Послемрак : Simplicissimus.com
18:10 02-03-2015
Я – один всеобъемлющий мозг.
***
Вот он я – один, оглушенный подводной тишиной, огороженный тихим мраком. За окнами – страна, родина, в абстрактном понятии которой я чувствую себя никому не нужным. Здесь никому не нужны мои стихи, заметки. Моя цель – добраться до телефона и записать все это. Но в эту, выцветающую под рассвет ночь мне больше нечего сказать. Хотя... Надо сказать, что я рано начал хоронить свой чехол. В последнее время лезут мысли об инвалидах. И даже ассоциации. А впрочем, как не умереть при жизни, ежедневно помня, что ты смертен?
***
Надо думать о море и бризах. А я перебираю в памяти пресловутые проулки родной провинции. Той самой, в которой чувствую себя никому не нужным. Квартирующая во мне память – как свалка за гаражами. Надо вопреки всему преодолеть нагоняющий влагу туман прошлого, я же клялся. Довлеющая память лишает меня логики, все мои записи разнузданны. Я сам себе противен до того, что все ощущения замыкаются в паху – то чувство, когда хочется сжать зубы, выбежать и плюнуть в кого-нибудь за то, что не помогает мне.
Отчего все это?
Я проживаю в голове целый мир. В ней постоянно моросит тетрис ломаных мыслей. Пока уровень не уложится идеально, он не исчезнет, и так мучаюсь с каждым рядом. Пристраиваю мысли друг к другу. Наверное, из-за этой рефлексии выражение моего лица имеет нелепый и потерянный вид. Зачем вообще мне голова, которая доставляет столько неприятностей как мне, так и окружающим?
***
Капли дождя разбиваются о стекло,
Давлю карандаш, свой мир выжимаю.
Не помню, когда у нас было светло...
Писать категорически не о чем. К слову, успел постичь чуть ли не все оттенки чего-то, называющегося блювотным понятием «любовь». И ни за одно явление, очерченное этой дефиницией, я не боролся. Вспоминаю даже, как, будучи неуравновешенным ребенком, так влюбился в карманного пупса, что, оставшись с ним один на один, швырял его об стены в приступах ненависти, чуть ли не пенясь из-за того, что девочка-индианка (этот самый пупс) так близка, но нема. Меня доводила до бешенства ирония полного обладания тем, что не способно понять.
***
Сегодня списывался с проституткой. Целый час пудрила мозги, после чего оказалось, что годится в тетки. Сгладив своей болтовней последние мозговые извилины (внутренний солипсист хотел написать вместо «мозговые» - «мои»), вынудила-таки показать себя первым. Ответная фотография, где похожая на учительницу начальных классов тучная женщина, со смиренно расплывшимся в широкой улыбке лицом и пергидрольно-белыми гадюками, держит пышный, раскидистый букет, навсегда отбила желание к подобному способу самоутверждения. (Простите за разбег последнего предложения, хотел как можно скорее смыть с себя и плюнуть: Хар-р-р-р-Тьфу!).
***
Я боюсь признаться тому, кто меня вынашивает, в страхе за свое существование, я совсем не понимаю жизни, как надо жить. По другим вижу, что они тоже не понимают, хотя делают вид. И я им иногда черно завидую. За себя могу сказать, что я – человек одноразовый. Переменчивый, можно сказать. Сначала было стыдно, но по осознании, что жизнь каждого из нас одноразовая, что каждый мозг одноразовый, стало ясно, что и сам человек обязан быть таким же.

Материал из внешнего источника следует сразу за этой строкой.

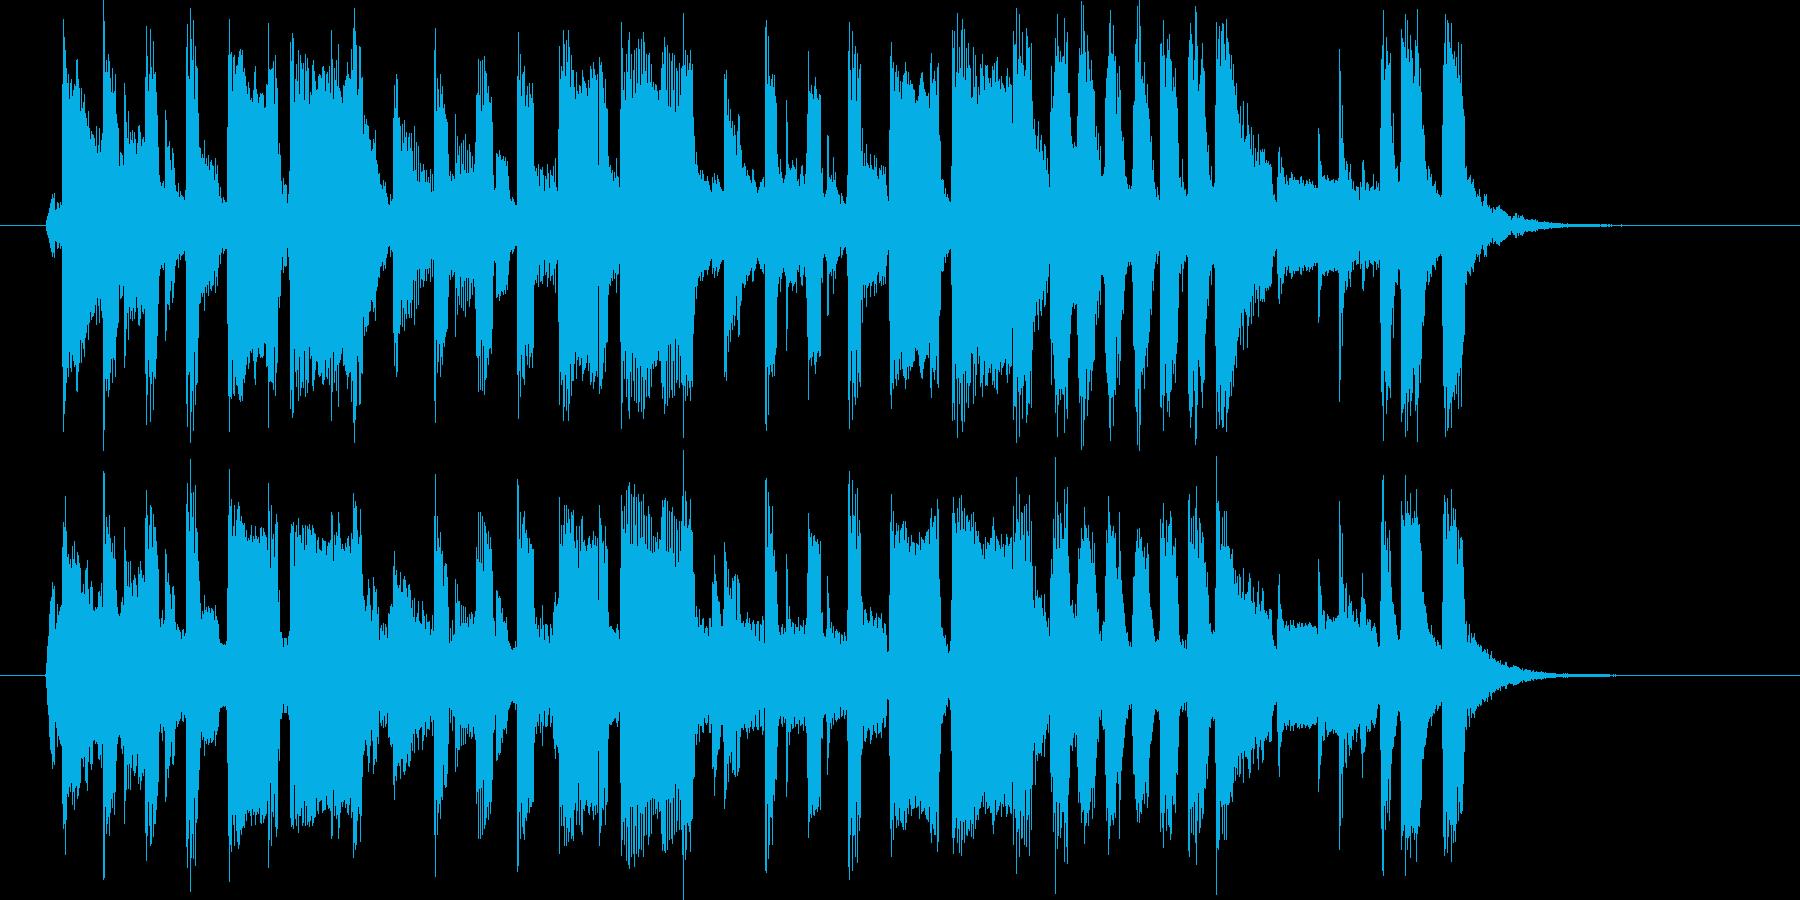 ギターと金管楽器が軽快でポップな楽曲の再生済みの波形

Что касается моего мировоззрения, то им подавиться можно: «пока сдаешь на права, некогда зарабатывать на машину».
Этот-то идеализм и довел меня до нижеизложенного позора.
***
Есть чувственность имени Платона, родственная, душевная, вечная. Есть половая чувственность, превращающая тело в одну сплошную мышцу, тоже вечная. Похотливая чувственность – ко всему движущемуся – не менее вечна. Формальная чувственность, aka «отношения» не менее остальных претендует называться вечной.
Берясь рассказывать о второй, поступаю, как чертов писатель – с тросточкой и загнутым пальчиком. Платоническая, к слову – трофей воспевающих плоский мир поэтов. Похотливая – бич ораторов. Формализованная – для посредственных отпрысков всего вышеперечисленного.
Впервые за долгое время моя сублимация перевернулась на противоположный бок на этом матрасе, в этих четырех стенах. Кроме внезапных нахрапов надзирателя, беспокоящегося о моем здоровье, тут ничего нет. Описывать утвержденное им торжество государственности над свободой личности я не намерен, прокрутите лучше, если вам надо, «Жестяной барабан» Грасса – может и накрутите заряженную небанальным смыслом камору.
Итак, не имея ничего общего с манерными дяденьками, подкрадывающимися сзади к литературе и трущимися об ее неженские формы, я не мог, даже на последней стадии внутреннего тления, писать открыто на бумаге свои мысли… Зато мог безнаказанно пылесосить людей через всемирную Паутину. Там я и наткнулся на школьницу из соседнего города, часы езды до которого отсюда укладываются в неполный день.
Здесь, поверьте, носить жалкое клеймо паука-анонима (и всего созвучного с этим словом) не стыдно. Скажу вам более, стучание пальцами по клавиатуре в этом местечке вполне оправдательно, и половина заведения клонируется на сайте Simplicissimus.com. В пространстве четвертого измерения, имея максимум желаний при минимуме сопротивления, можно натаскать себя до уровня Шекспира, найти свою Джульетту, ну а потом так же благополучно забыть обо всем, как только надоест.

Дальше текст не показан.